A database query refers to a set of commands or clauses for retrieving data stored in a database. Database queries may come from users, application programs, or remote systems. A query may specify which columns to retrieve data from, how to join columns from multiple tables, and conditions that must be satisfied for a particular data record to be included in a query result set. Current relational databases typically process queries composed in an exacting format specified by a query language. For example, the widely used query language SQL (short for Structured Query Language) is supported by virtually every database available today.
Database queries, including SQL statements, often incorporate built-in (or embedded) function calls. Examples of built-in function supported by most database systems include aggregating calls such as MIN, MAX, and AVERAGE, which return the minimum, maximum, and average values of a column, respectively. Function calls also include non-aggregate calls like COALESCE, IS_DIGITS, DATE, CHAR, TO_CHAR. The particular collection and behavior of function calls varies by database vendor. Regardless of vendor, however, the purpose of these function calls is to translate data values passed into the function to potentially some other value. Typically, the inputs to a function call come from the values of a database column retrieved in response to a query. For example, a TO_UPPER function may take a text string of characters and return the same string, translating each character to an upper case value. If a query includes the condition: “WHERE <column value>=‘ABC’”, then including the embedded function “WHERE TO_UPPER(column value)=‘ABC’” will cause the values of the column to be converted to uppercase before being compared to the ‘ABC’ operand.

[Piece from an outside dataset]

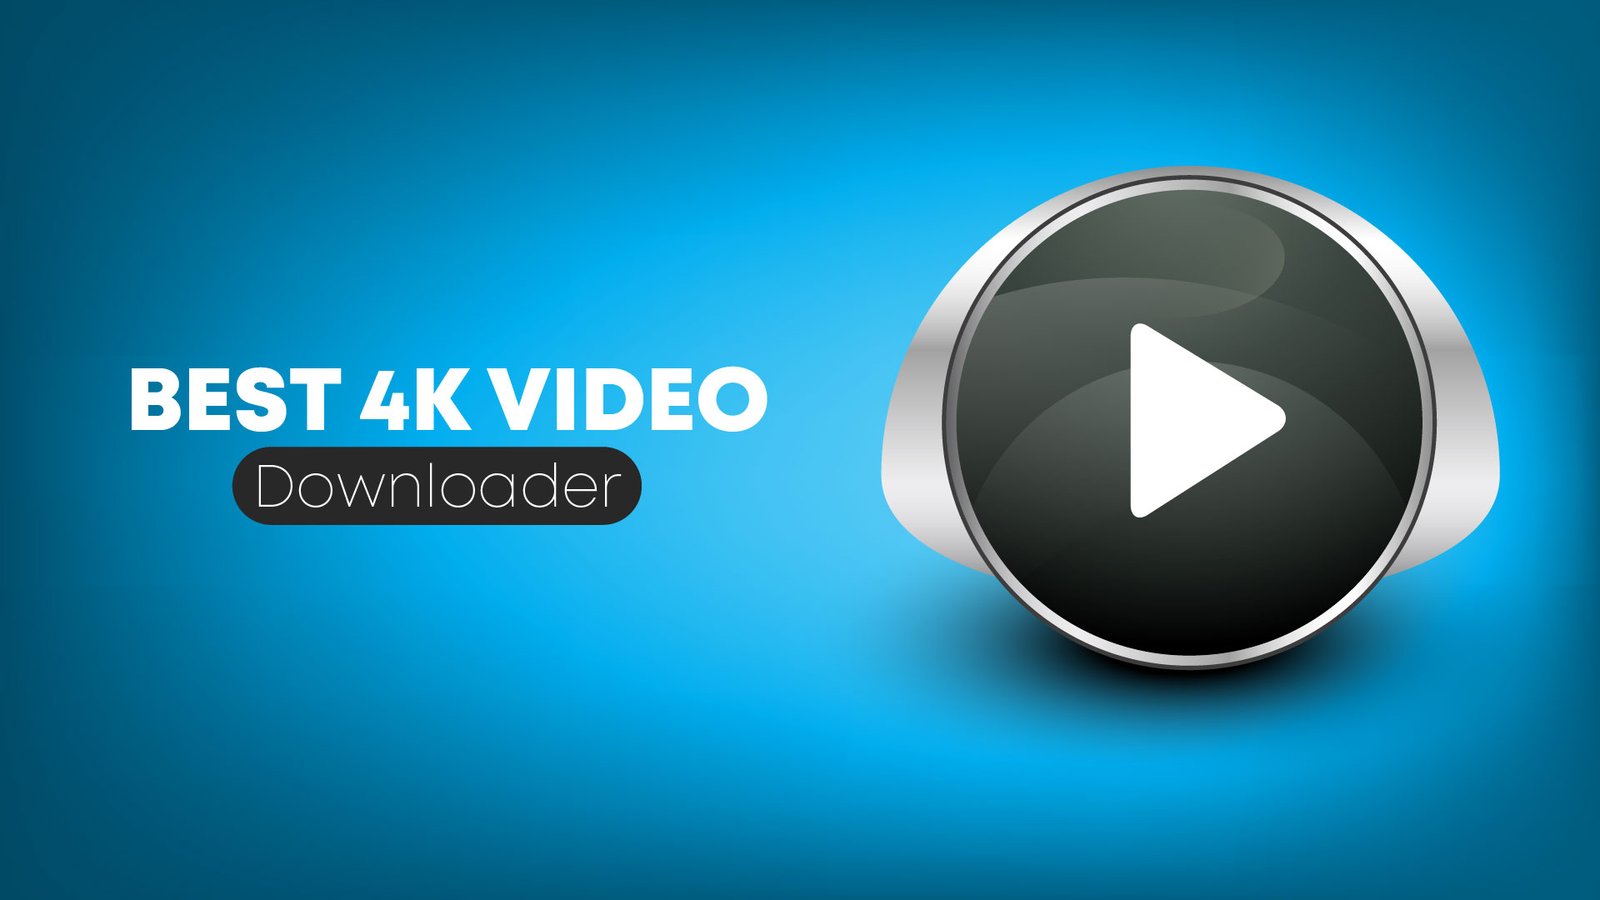 4k video downloader rar

Embedded function calls may generally be located anywhere in an SQL statement (i.e., within the SELECT, FROM, WHERE, or GROUP BY clauses, among others). The use of embedded function calls adds overhead to the time required by a database system to process a database query. Thus, unnecessary function calls will degrade system performance. At the same time, many query applications are configured to insert function calls when composing a query. Oftentimes, this may occur because a query tool may not be able to determine whether or not a particular function call is necessary and includes the function calls just in case they end up being required.
Accordingly, there is a need in the art for a database query optimization mechanism that will remove unnecessary function calls embedded in a database query.
SUMMARY OF THE INVENTIONEmbodiments of the invention provide a mechanism to analyze and remove function calls included in a database query. One embodiment of the invention provides a computer-implemented method of optimizing a database query. The method may generally include, receiving a query of a database, wherein the query includes one or more embedded function calls, and determining whether one or more of the embedded function calls may be removed without modifying a set of results that will be generated in response to the database query. If so, the method generally includes rewriting the database query to remove one or more of the embedded function calls.
Another embodiment of the invention provides computer-readable medium containing a program which, when executed, performs an operation for optimizing a database query. The operation may generally include, receiving a query of a database, wherein the query includes one or more embedded function calls, and determining whether one or more of the embedded function calls may be removed without modifying a set of results that will be generated in response to the database query. If so, the operation generally further includes, rewriting the database query to remove one or more of the embedded function calls.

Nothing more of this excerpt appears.